TOSEM21

On the Interaction between Test-Suite Reduction and Regression-Test Selection Strategies

Abstract

Unit testing is one of the most established and practically applicable quality-assurance techniques in modern software development work-flows. One major advantage of unit testing as compared to more heavy-weight
techniques is the arbitrarily adjustable trade-off between efficiency (i.e., testing effort) and effectiveness (i.e., fault-detection probability). To this end, a variety of testing strategies have been proposed to exploit, and explicitly control, this trade-off. In particular, test-suite reduction techniques are concerned with reducing the number of (presumably redundant) test cases in a test suite while testing a single program version. Regressiontest selection strategies are concerned with a similar goal, yet focusing on the selection of test cases for consecutive program revisions. As a consequence, both kinds of strategies may potentially influence—or even obstruct— each others’ performance in various ways. For instance, test cases discarded during test-suite reduction for a particular program version may become relevant again during regression-test selection after a program revision, and vice versa. Hence, how to find a suitable combination of both strategies leading to a reasonable efficiency/effectiveness trade-off throughout the entire version history of a program is an open question. The goal of this paper is to gain a better understanding of the potential interactions between both kinds of unit-testing strategies with respect to efficiency and effectiveness. To this end, we present a configurable experimental evaluation framework for automated unit-testing of C programs comprising different strategies for test-suite reduction and as regression-test selection and possible combinations thereof. We apply this framework to a collection of subject systems, delivering several crucial insights: (1) test-suite reduction has almost always a negative impact on the effectiveness of regression-test selection, yet a positive impact on efficiency and (2) test cases revealing to testers the effect of program modifications between consecutive program versions are far more effective than test cases simply covering modified code parts, yet causing much more testing effort.

Supplementary Data

ArtifactDownload
RegreTS1, 2, 3, 4
Results1, 2, 3
TestCovzip

The zip files for RegreTS contain the test-case generation framework used for generating the test suites as explained in "Reproduction of Results".

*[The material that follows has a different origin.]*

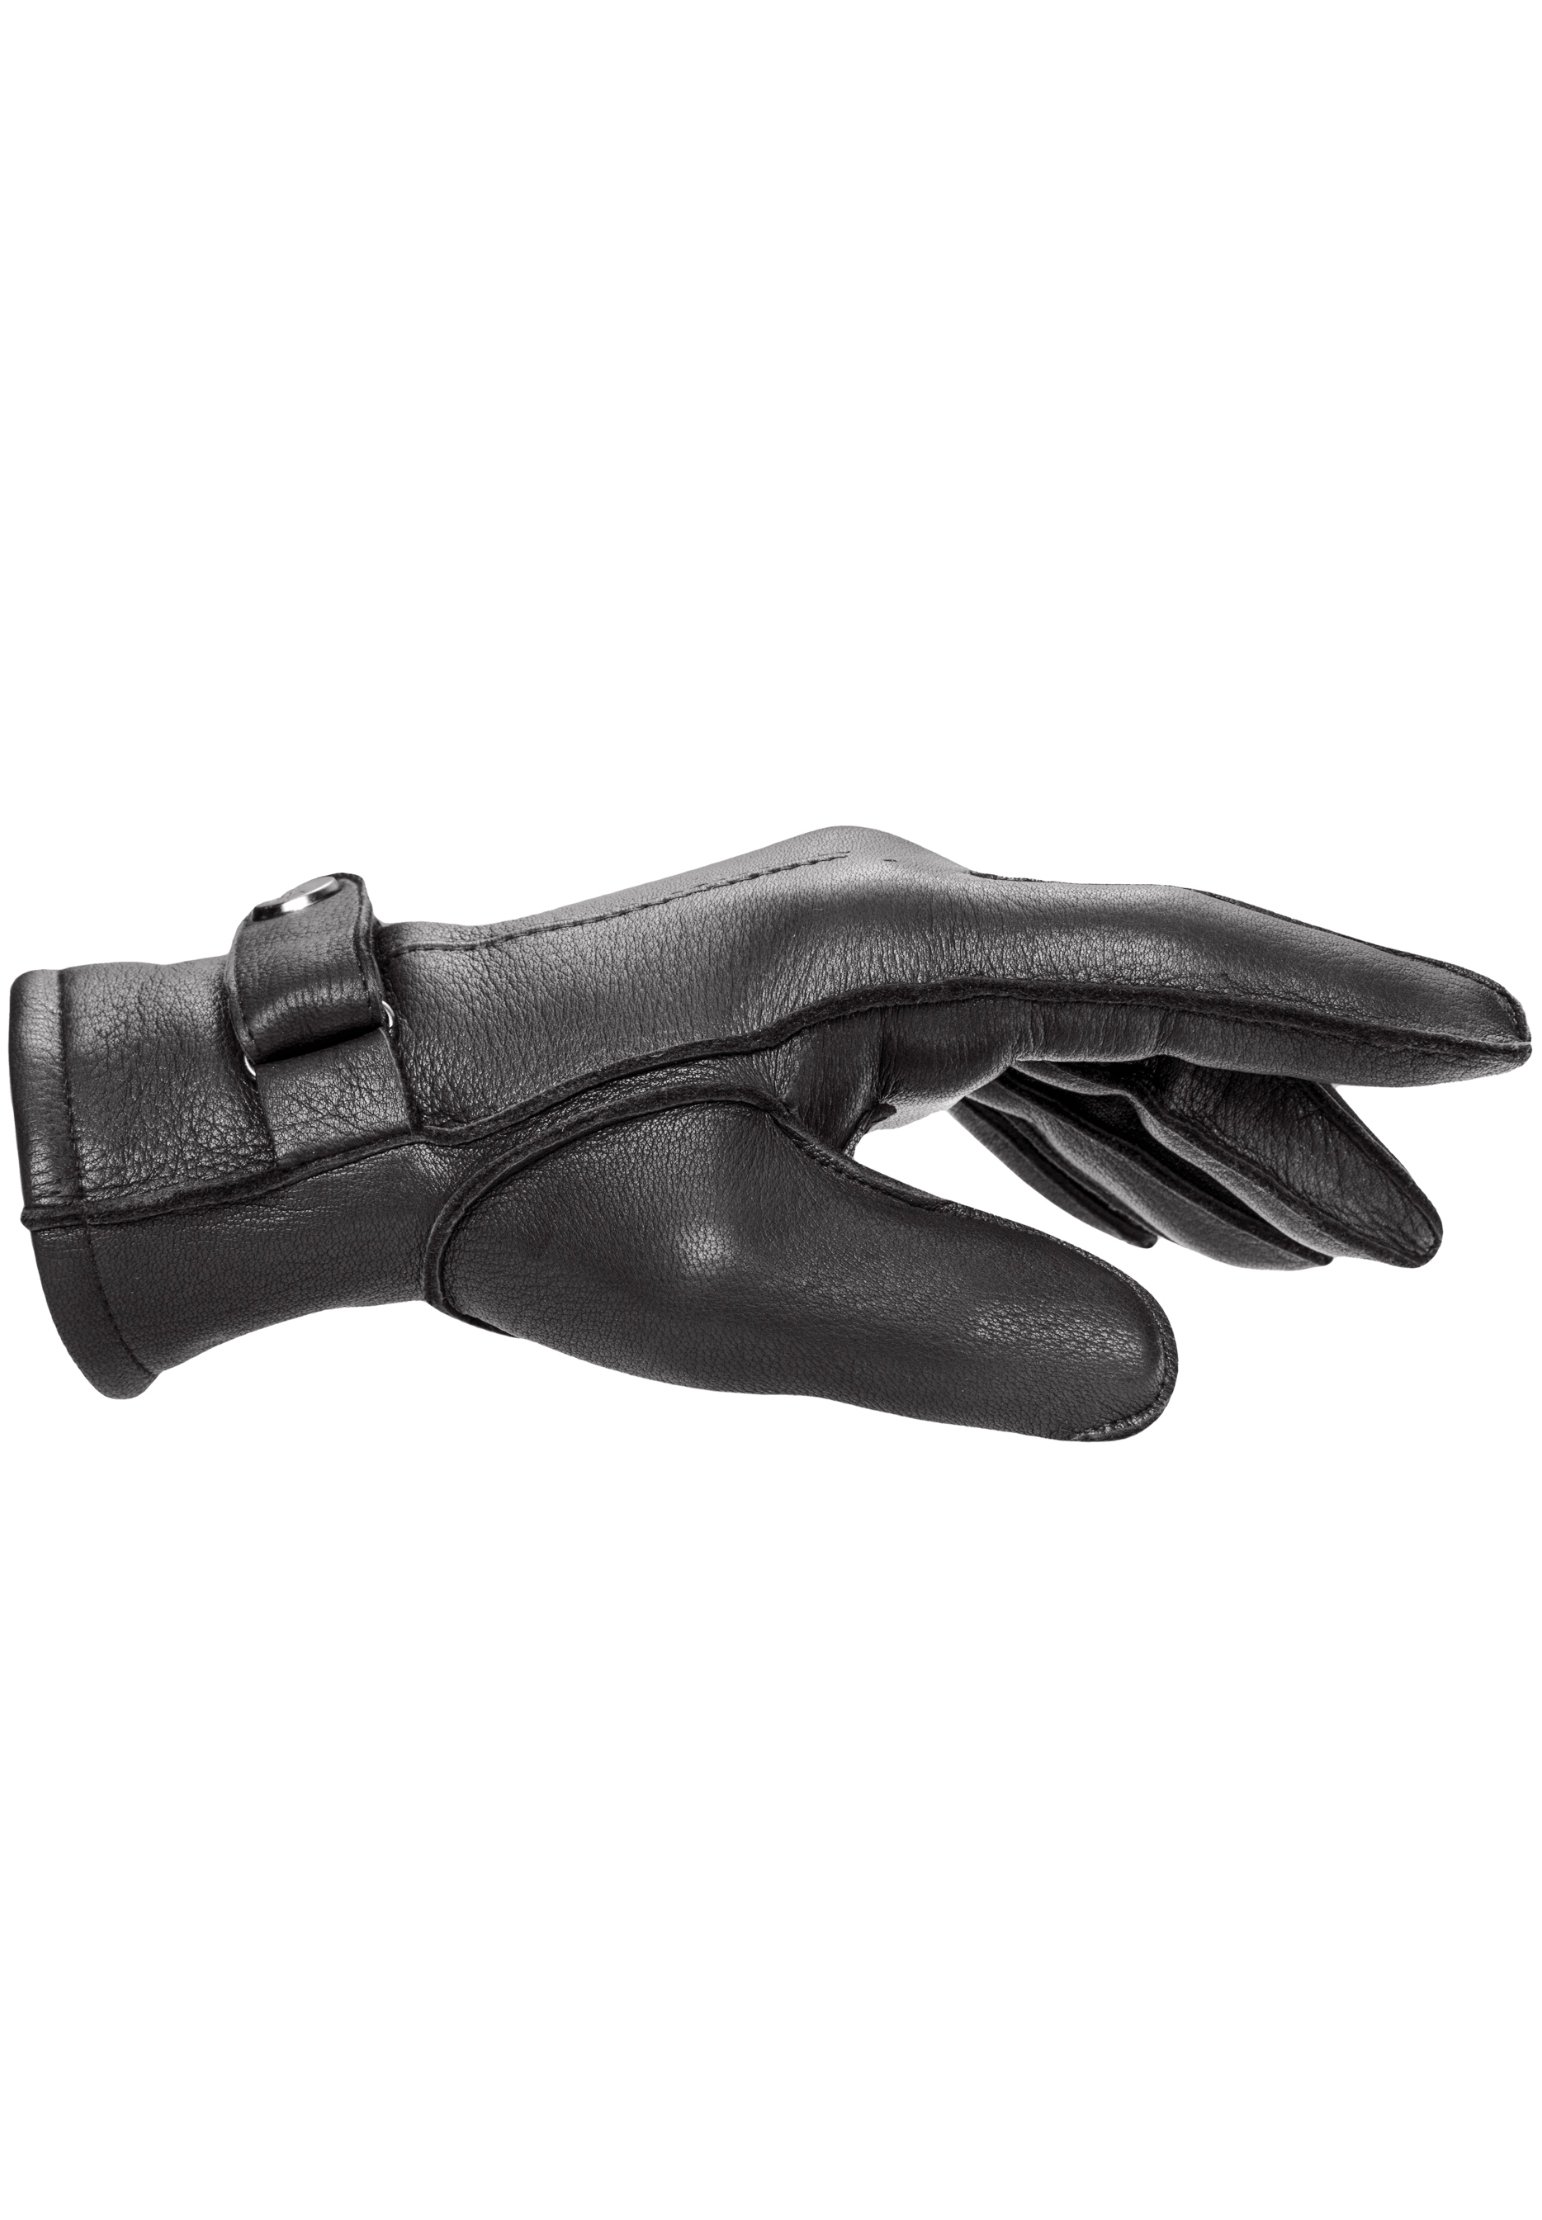 Pearlwood Fingerhandschuhe schwarz – Rebmann aus Maßkleidung Hirschleder
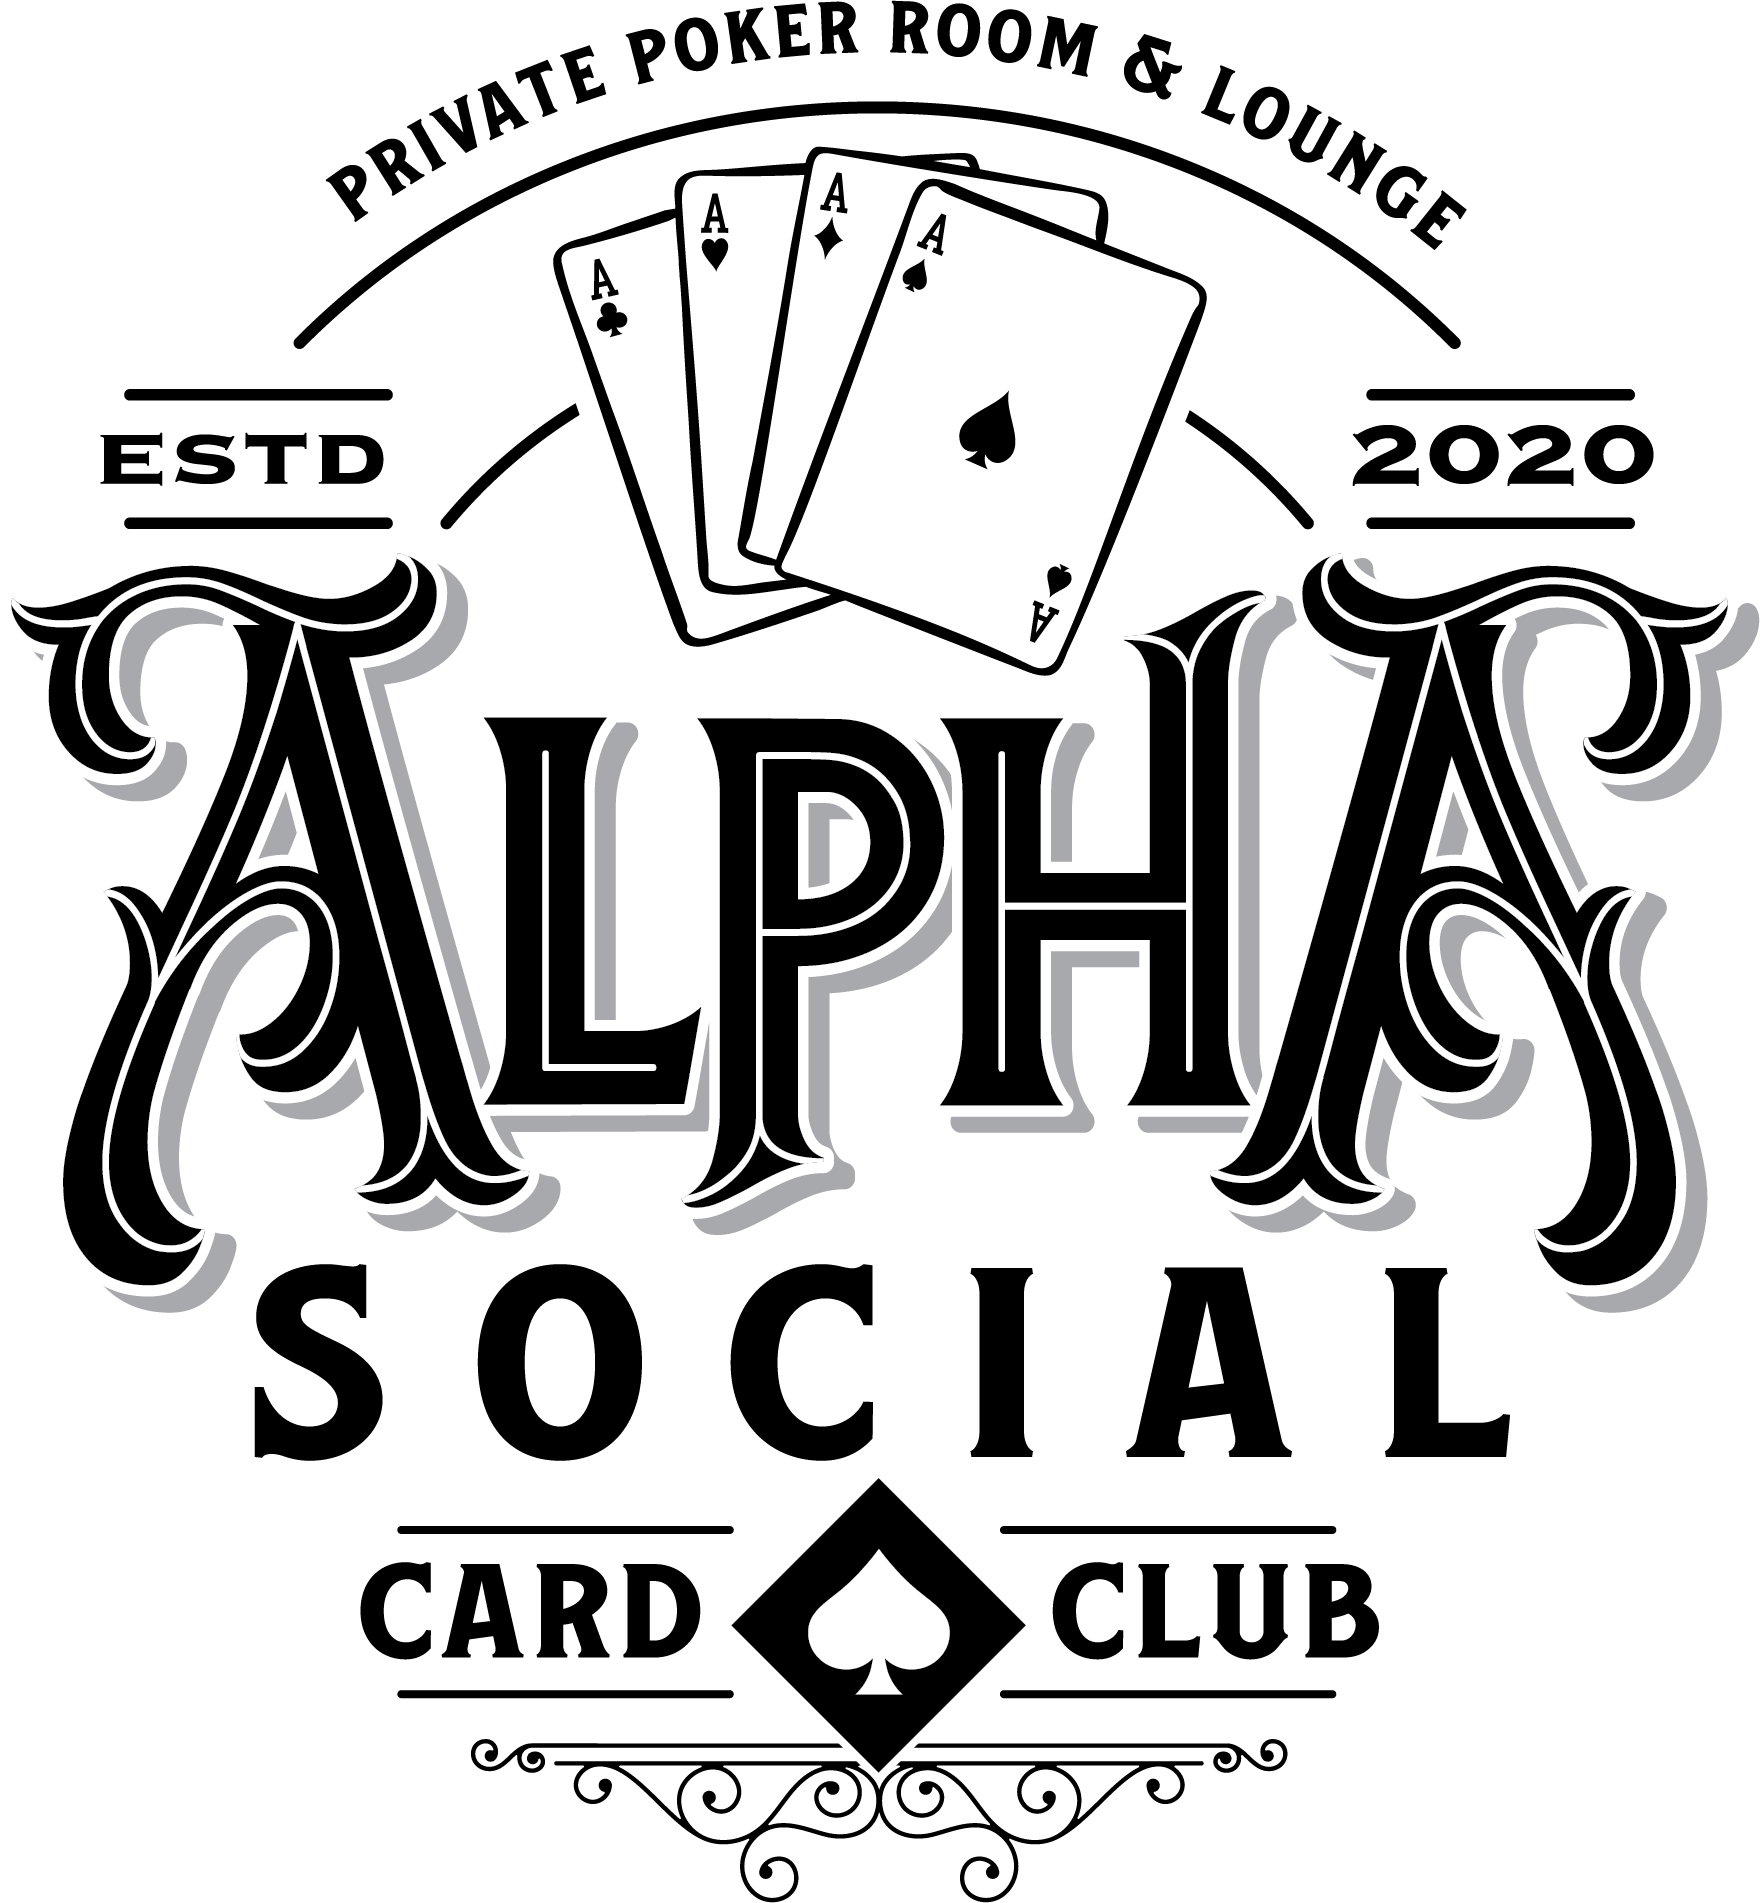 Alpha Social Card Club

The zip files for Results contains all results, as well as files with the results for each test-suite and the aggregated results for each strategy.

Additionally, the programs used for creating traversing and revealing test-cases are in the corresponding folders (i.e., traversing and compare folders), and the program used to check if the test-suite actually managed to find the bug is present in the corresponding "check" folders.

Lastly, the zip files for TestCov contain the test-suite validator TestCov, which is used for reducing the test-suites and checking if the test-suites find the corresponding bugs.

Reproducing the Results

To create a test-suite for a given comparator-program (traversing or revealing) RegreTS needs to be unpackaged and executed with the following call:

  • scripts/cpa.sh tigertestcomp20 -setprop "tiger.testSuiteFolder=pathToTestSuite" -setprop "tiger.fqlQuery=query" -setprop "tiger.numberOfTestCasesPerGoal=NRT" -benchmark -heap 15000M pathToProgram

where

  • pathToProgram is the path to the comparator-program
  • pathToTestSuite is the path for the resulting test-suite
  • query is either "Goals:G1" for revealing comparator-programs (in the "compare" folders) or  "GoalRegex:.*_CHANGE_.*" for traversing
  • NRT is the number of test-cases created per goal

This step should be repeated for each comparator-program of the current subject system and the test-suites of prior versions merged into the test-suites of later versions (to re-use the prior generated test cases).

The resulting test-suite can then be reduced by calling TestCov with the following parameters:

  • python3 bin/testcov --goal goalFile --test-suite testsuite.zip --timelimit-per-run 30 --reduction reductionStrategy --no-plots program

where

  • goalFile is the corresponding goalFile in the TestCov folder (either goal_traversing.prp or goal_revealing.prp)
  • testsuite.zip is the zipped test-suite previously generated
  • reductionStrategy if either DIFF, ILP or FAST_PP
  • program is the comparator-program the test-suite was generated on

The result will be a reduced test suite.

To check wether a test-suite finds the correspding bug, call TestCov as follows:

  • python3 bin/testcov --goal goal_revealing.prp --test-suite testsuite.zip --timelimit-per-run 30 --no-plots checkProgram

where

  • testsuite.zip is the corresponding test suite
  • checkProgram is the comparator-program (with the same version number as the comparator-program the test-suite was generated on) which compares the bugged and the original version (in the "check" folder).